Struggling to get himself off the cyborg, Darren slipped one arm out of his jacket and grabbed hold of the nearest object he could find. Bashing the man in the face with it, he filled the van with metal-on-metal clangs as he struggled to get free. In much tighter quarters that prevented him from using his parkour and capoeira skills, it was beginning to show in the form of a mild panic. He needed out of there. He was not equipped to scrape with cyborgs. He was a thief, not a brawler. While he could handle himself in a fight, he’d long ago learned that it meant less to know how to fight than it did to know when to fight. And this was not the latter.

It took him a moment to realize that the cyborg had stopped moving. He had no idea how long he’d been hammering away at it with the metal case, but looking down at it he saw the man lying there, arms and legs twitching like a toy with a malfunctioning remote control. His metallic skull was dented and smashed in several places and one of his dark, glossy black photoreceptors was cracked and crushed in.

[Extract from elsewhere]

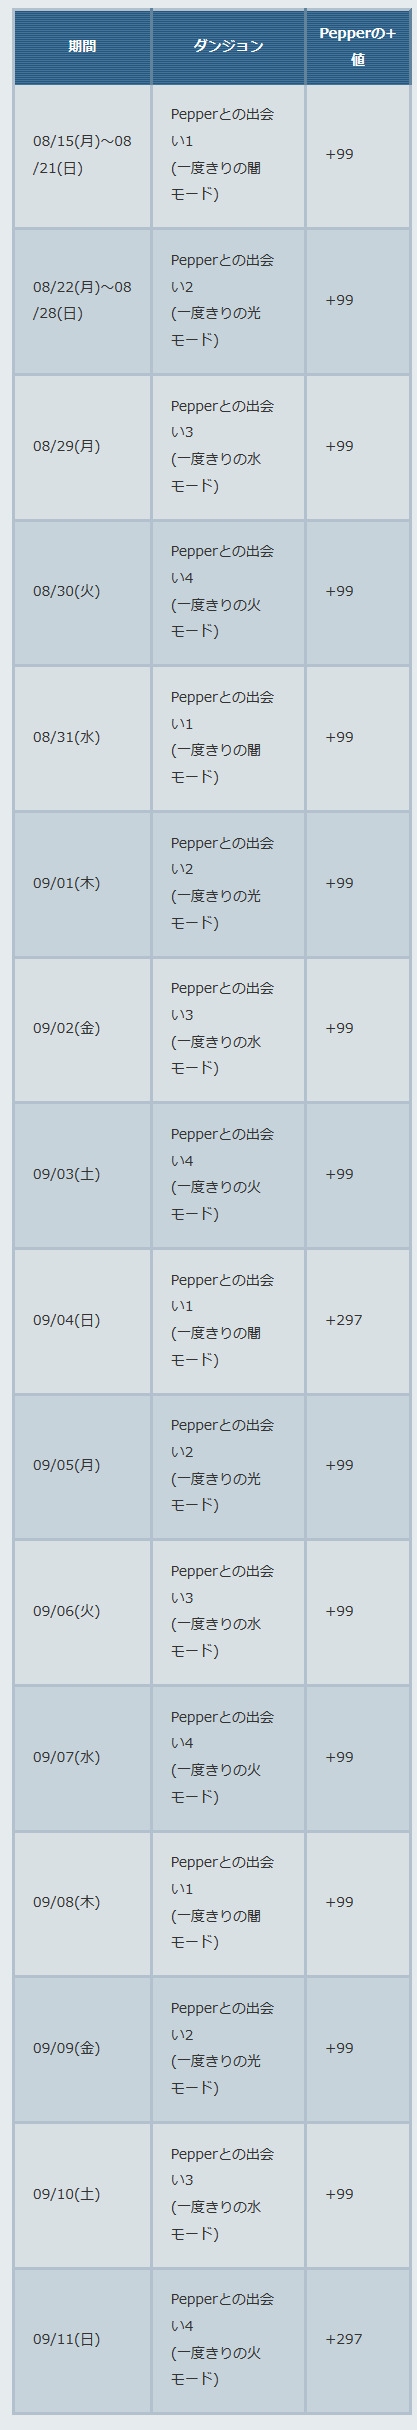 Pepper×パズドラ パズドラレーダー-20160825

“Shit,” Darren cursed, looking down at the case in his hands. It was familiar somehow, but the crushed in corners and edges and the sprung latch made it difficult to identify. Prying it open despite the mangled hinges, he looked inside to see the familiar shape of the canister he had been sent to retrieve. It was nestled in a bed of form-fitting, shock-absorbent material and a small trickle of some kind of bright neon orange goop was sliding down the length of the cylinder from one end.

“Shit,” he repeated.

“You’ve got that right, kid,” the familiar voice of the cyborg announced. Darren looked over the top of the case to see that the smashed and mangled head of the cyborg was back up off the floor, as was one of its arms. In that arm was, what looked from Darren’s perspective to be, a howitzer, pointed right at his chest. “I told you this was a bad idea. Now you get to be an example to everyone else of what happens when you mess with Solidarity Online.”

“Wai…” Darren began to say, but the electric sizzle of the cyborg’s energy weapon spooling up power cut him off. All he could do was try and shield himself somehow, so he raised the case in his arms, positioning it between the weapon and himself even as the red-orange lance of super-excited death leaped out at him.